Democrats called three law professors as witnesses Wednesday, and generally asked questions of them only about their conclusion that Trump committed impeachable offenses. Republicans had a single witness, a fourth law professor who warned lawmakers that they hadn’t made the case for impeachment. 

Here are six takeaways from the Judiciary Committee hearing, which lasted more than seven hours.

1. ‘Tears in Brooklyn’

The Trump impeachment effort ultimately dates back to Democrats’ sour grapes about losing an election, Rep. Doug Collins, R-Ga., the committee’s ranking member, said in opening remarks.

“This is not an impeachment. This is just a simple railroad job, and today’s is a waste of time,” Collins said. 

Collins responded to Nadler’s mention earlier of special counsel Robert Mueller’s report on Russian meddling in the 2016 presidential campaign. The report determined that neither Trump nor his campaign conspired with the Russian government or Russian operatives. However, it didn’t determine that Trump obstructed justice. 

Collins said the previous investigations, or the current one, hardly matter to those motivated to remove Trump without an election. 

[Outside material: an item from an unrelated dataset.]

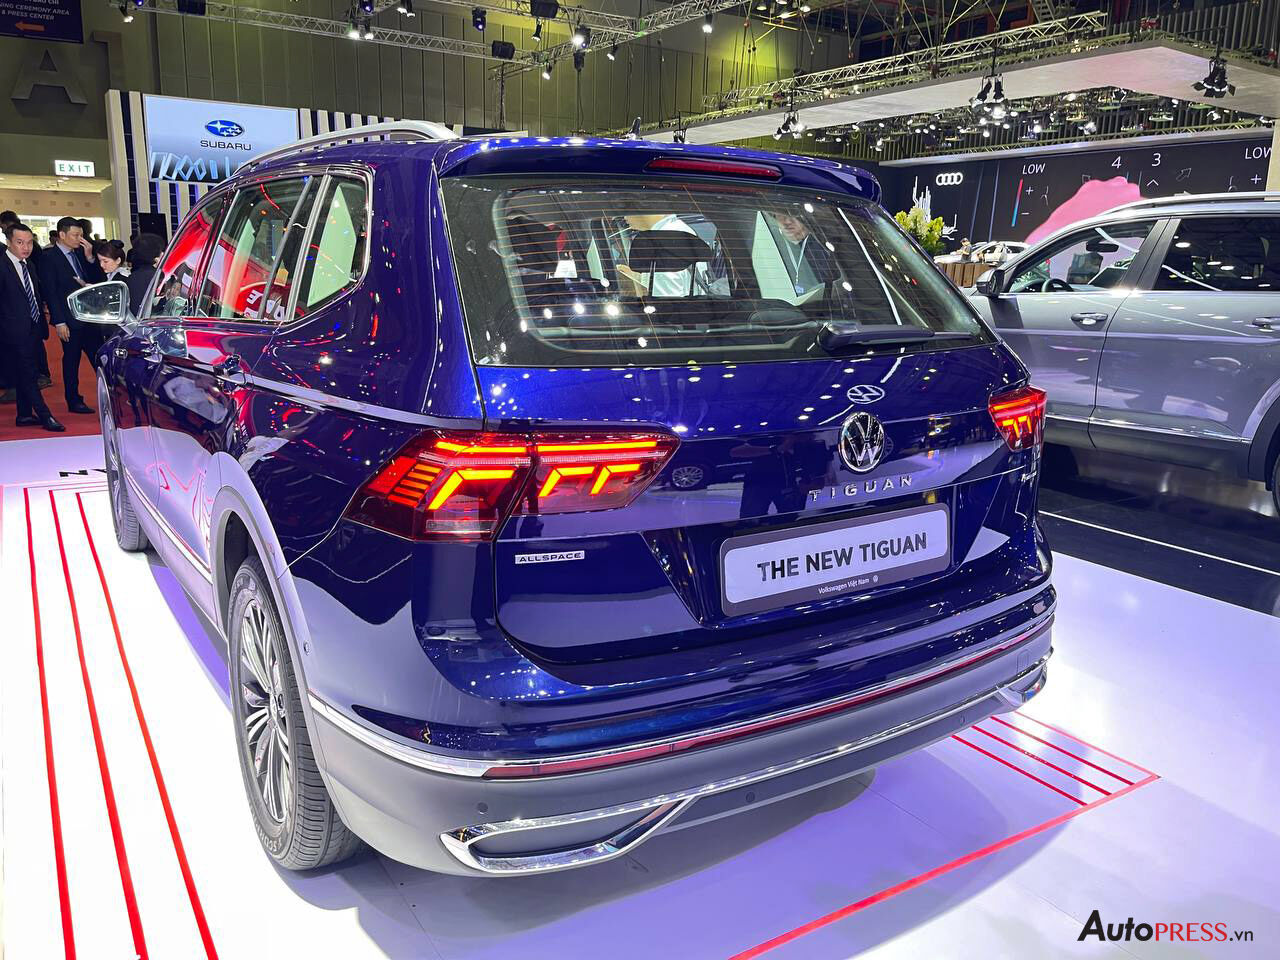  Volkswagen ra mắt xe Tiguan mới

“This didn’t start with Mueller,” Collins said. “This didn’t start with a phone call. This started with tears in Brooklyn in November of 2016 when an election was lost.”

The reference was to Democratic nominee Hillary Clinton’s campaign headquarters in Brooklyn.

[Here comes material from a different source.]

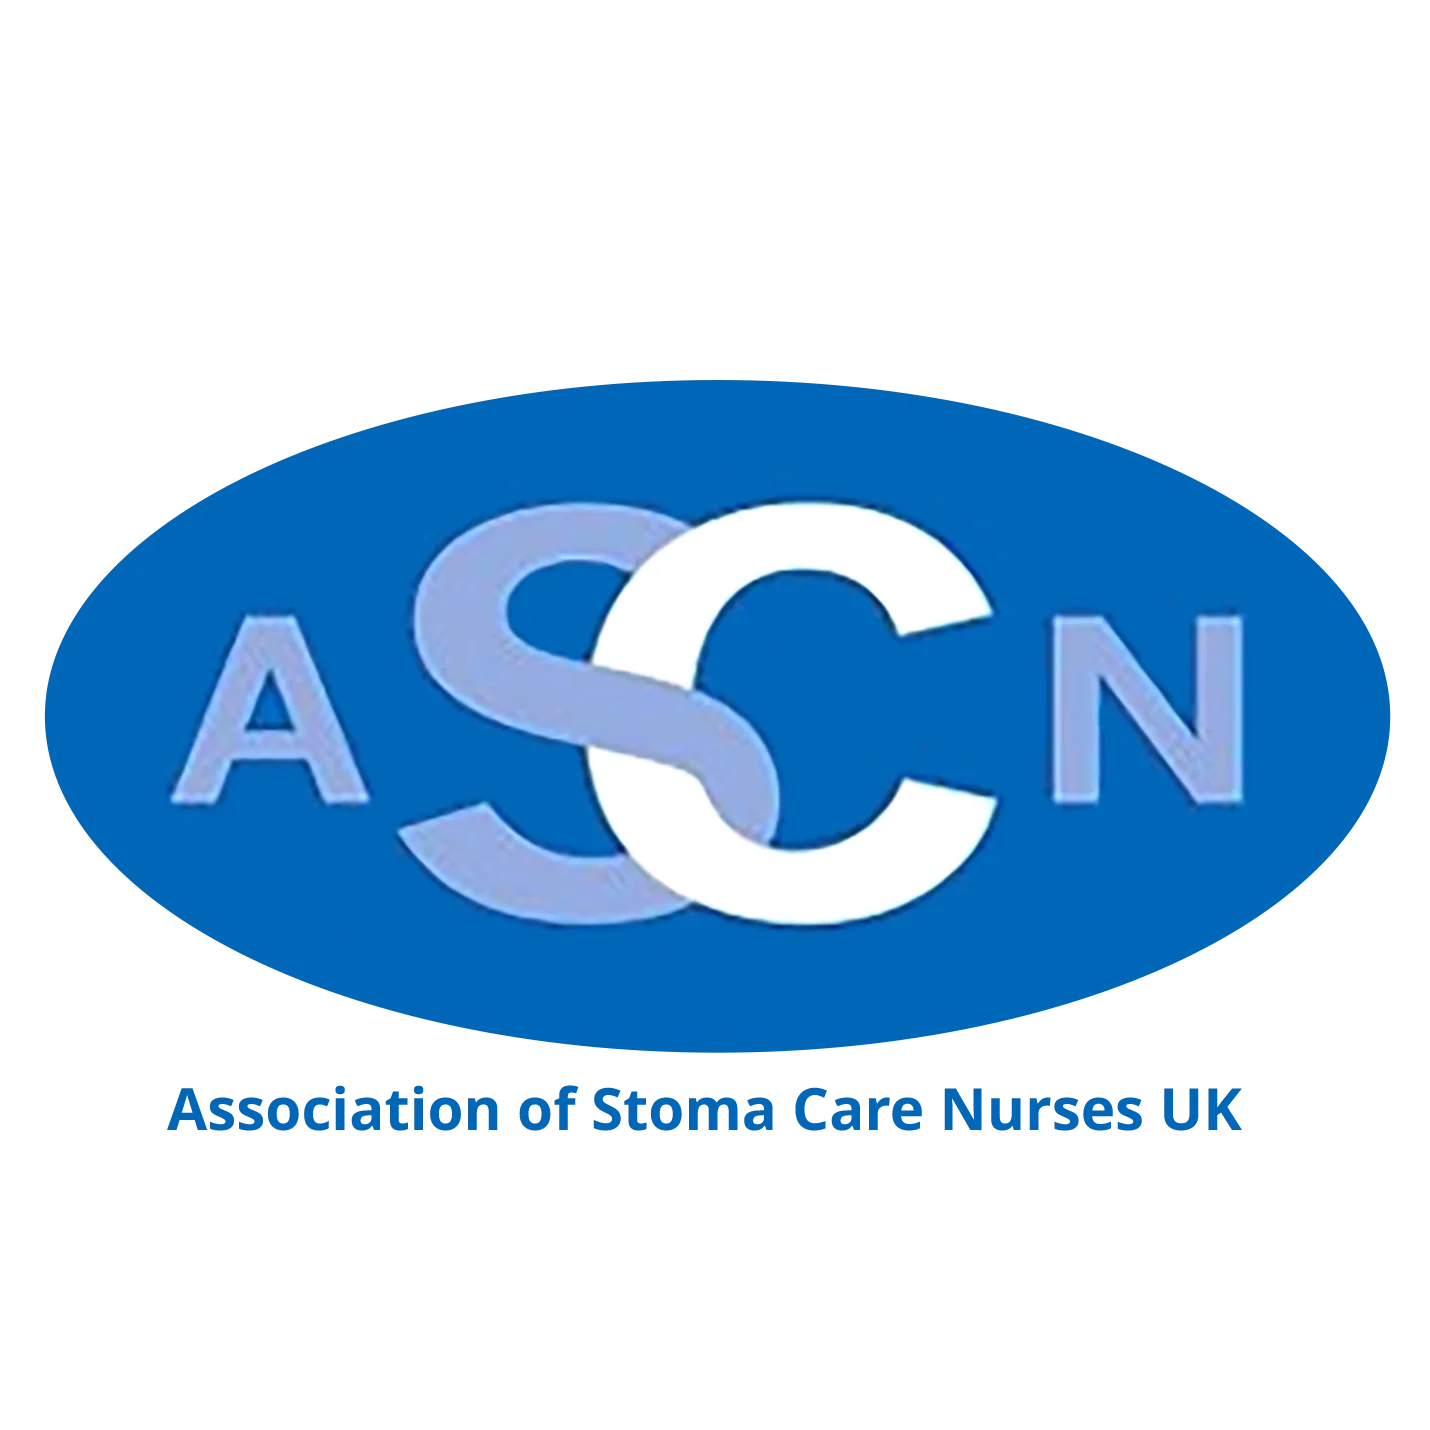 ASCN Logo

2. ‘Safeguards Against Establishing a Monarchy’

Michael Gerhardt, a law professor at the University of North Carolina School of Law, testified that he was fearful that not impeaching Trump would raise the bar too high for future impeachments. 

“I just want to stress—if what we’re talking about is not impeachable, then nothing is impeachable,” Gerhardt told the committee. 

“The record compiled thus far shows the president has committed several impeachable offenses, including bribery, abuse of power, and soliciting of personal favor from a foreign leader to benefit himself personally, obstructing justice, and obstructing Congress,” Gerhardt said. 

At the time of the July phone call, Trump had placed a hold on nearly $400 million in congressionally approved military aid to Ukraine, although Zelenskyy did not know this. Nor did the men refer specifically to the status of that aid in their conversation, according to the official White House transcript.

Zelenskyy has said repeatedly that he did not feel pressured by Trump to open investigations.

Gerhardt went on to talk about a monarchy. 

“I cannot help but conclude that this president has attacked each of the Constitution’s safeguards against establishing a monarchy in this country,” Gerhardt said, adding: “If Congress fails to impeach here, then the impeachment process has lost all meaning, and, along with that, our Constitution’s carefully crafted safeguards against the establishment of a king on American soil.”

Another witness, Stanford University law professor Pamela Karlan, later joked about Trump’s seeking to be royal and invoked the name of his 13-year-old son.

“The Constitution says there can be no titles of nobility. So, while the president can name his son Barron, he cannot make him a baron,” Karlan said, to some laughter. 

First lady Melania Trump took exception to this crack in a tweet.

Sometime later, Karlan said during the hearing: “I want to apologize for what I said earlier about the president’s son. It was wrong of me to do that. I wish the president would apologize, obviously, for the things that he’s done that are wrong. But I do regret having said that.”

 3. ‘We Are All Mad’

A bigger concern is lowering the standard of impeachment to meet the anger of the moment, testified Jonathan Turley, a law professor at George Washington University. 

Turley stressed that he didn’t vote for Trump and is frequently critical of his policies and behavior. He said the Trump-Zelenskyy phone call was anything but “perfect”—the president’s repeated word for it—and warranted congressional oversight. 

After that, however, the sole Republican-called witness disappointed Democrats on the committee. 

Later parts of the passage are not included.